Artificial Intelligence

Overinterpretation May Be a Bigger and More Intractable Threat Than Overfitting

Updated on December 9, 2022

If your good friend Alice likes to wear yellow sweaters, you're going to be seeing a lot more yellow sweaters than the average person. After a while, it's possible that when you see a different woman wearing a yellow sweater, the core concept Alice will spring to mind.

If you see a woman wearing a yellow sweater who resembles Alice a little, you may even momentarily mistake her for your friend.

But it's not Alice. Eventually, you're going to realize that yellow sweater is not a useful key for identifying Alice, since she never wears them in summer, and doesn't always wear them in winter either. Some way into the friendship, you'll start to downgrade yellow sweater as a possible Alice identifier, because your experience of it has been unsatisfactory, and the cognitive energy used in maintaining this shortcut isn't frequently rewarded.

If you're a computer vision-based recognition system, however, it's quite possible that you see Alice everywhere that you see a yellow sweater.

It's not your fault; you've been charged with identifying Alice at all costs, from the minimum available information, and there's no shortage of cognitive resources to maintain this reductive Alice crib.

Uncanny Discernment

According to a recent paper from the MIT Computer Science & Artificial Intelligence Laboratory (CSAIL) and Amazon Web Services, this syndrome, dubbed overinterpretation, is rife in the computer vision (CV) research field; can't be mitigated by addressing overfitting (since it's not a direct adjunct of overfitting); is commonly evinced in research that uses the two most influential datasets in image recognition and transformation, CIFAR-10 and ImageNet; and has no easy remedies – certainly no cheap remedies.

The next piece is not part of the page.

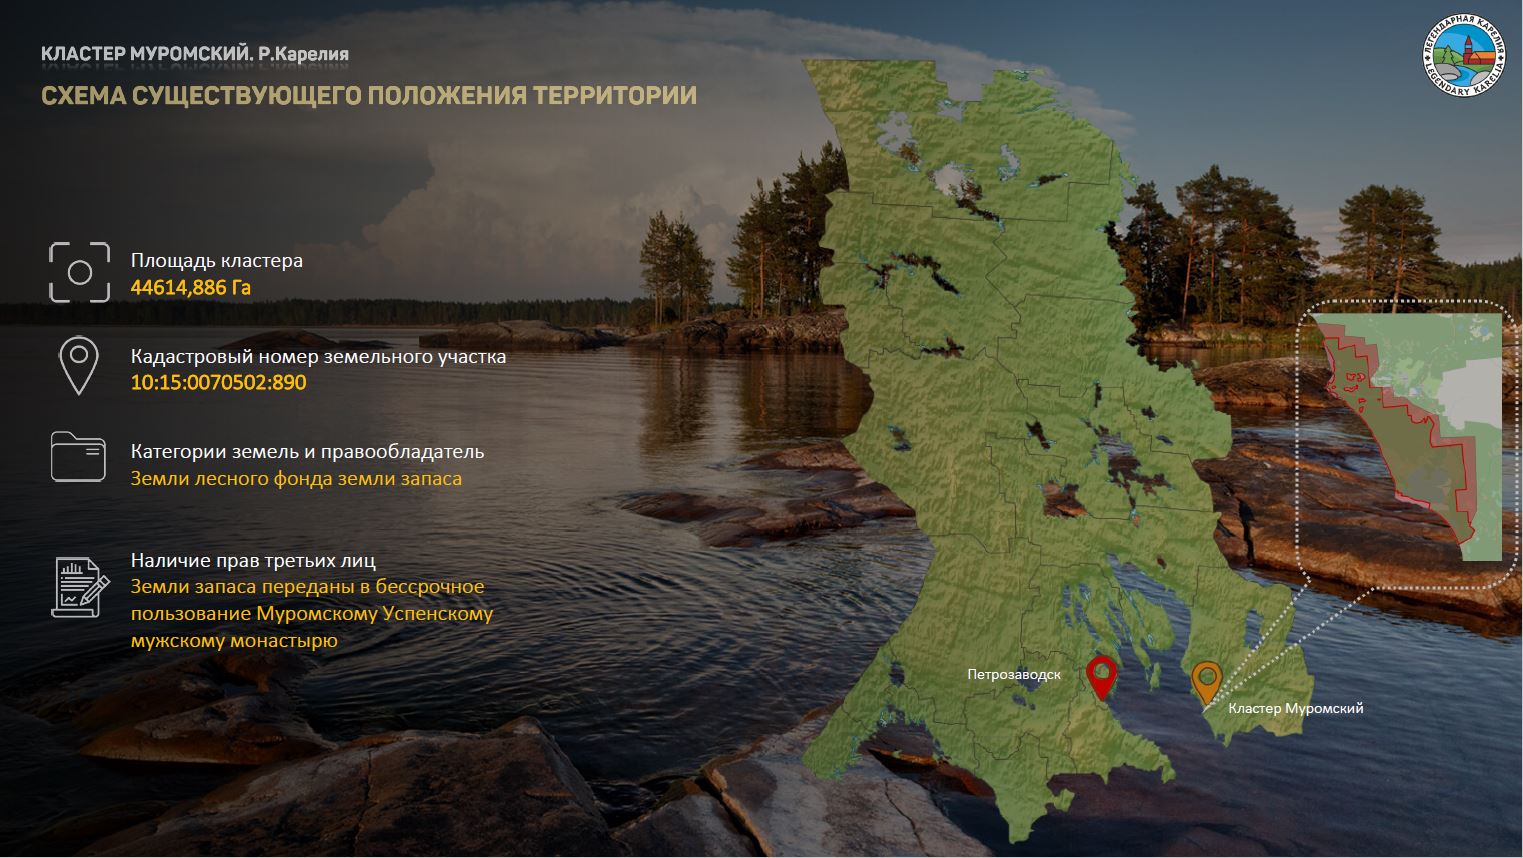 Объект в Карелии вошел в пятерку территорий перспективного развития экотуризма

The researchers found that when reducing input training images to a mere 5% of their coherent content, a wide range of popular frameworks continued to correctly classify the images, which appear, in most cases, as visual ‘gibberish' to any human observer:

Original training images from CIFAR-10, reduced to just 5% of the original pixel content, yet correctly classified by a range of highly popular computer vision frameworks at an accuracy of between 90-99%. Source: https://arxiv.org/pdf/2003.08907.pdf

In some cases, the classification frameworks actually find these pared-down images easier to correctly classify than the full frames in the original training data, with the authors observing ‘[CNNs] are more confident on these pixels subsets than on full images'.

This indicates a potentially undermining type of ‘cheating' that occurs as common practice for CV systems that use benchmark datasets such as CIFAR-10 and ImageNet, and benchmark frameworks like VGG16, ResNet20, and ResNet18.

Overinterpretation has notable ramifications for CV-based autonomous vehicle systems, which have come into focus lately with Tesla's decision to favor image-interpretation over LiDAR and other ray-based sensing systems for self-driving algorithms.

Though ‘shortcut learning' is a known challenge, and a field of active research in computer vision, the paper's authors comment that the German/Canadian research which notably framed the problem in 2019 does not recognize that the ‘spurious' pixel subsets that characterize overinterpretation are ‘statistically valid data', which may need to be addressed in terms of architecture and higher-level approaches, rather than through more careful curation of datasets.

The paper is titled Overinterpretation reveals image classification model pathologies, and comes from Brandon Carter, Siddhartha Jain, and David Gifford at CSAIL, in collaboration with Jonas Mueller from Amazon Web Services. Code for the paper is available at https://github.com/gifford-lab/overinterpretation.

Paring Down the Data

The data-stripped images that the researchers have used are termed by them Sufficient Input Subsets (SIS) – in effect, an SIS picture contains the minimum possible ‘outer chassis' that can delineate an image well enough to allow a computer vision system to identify the original subject of the image (i.e. dog, ship, etc.).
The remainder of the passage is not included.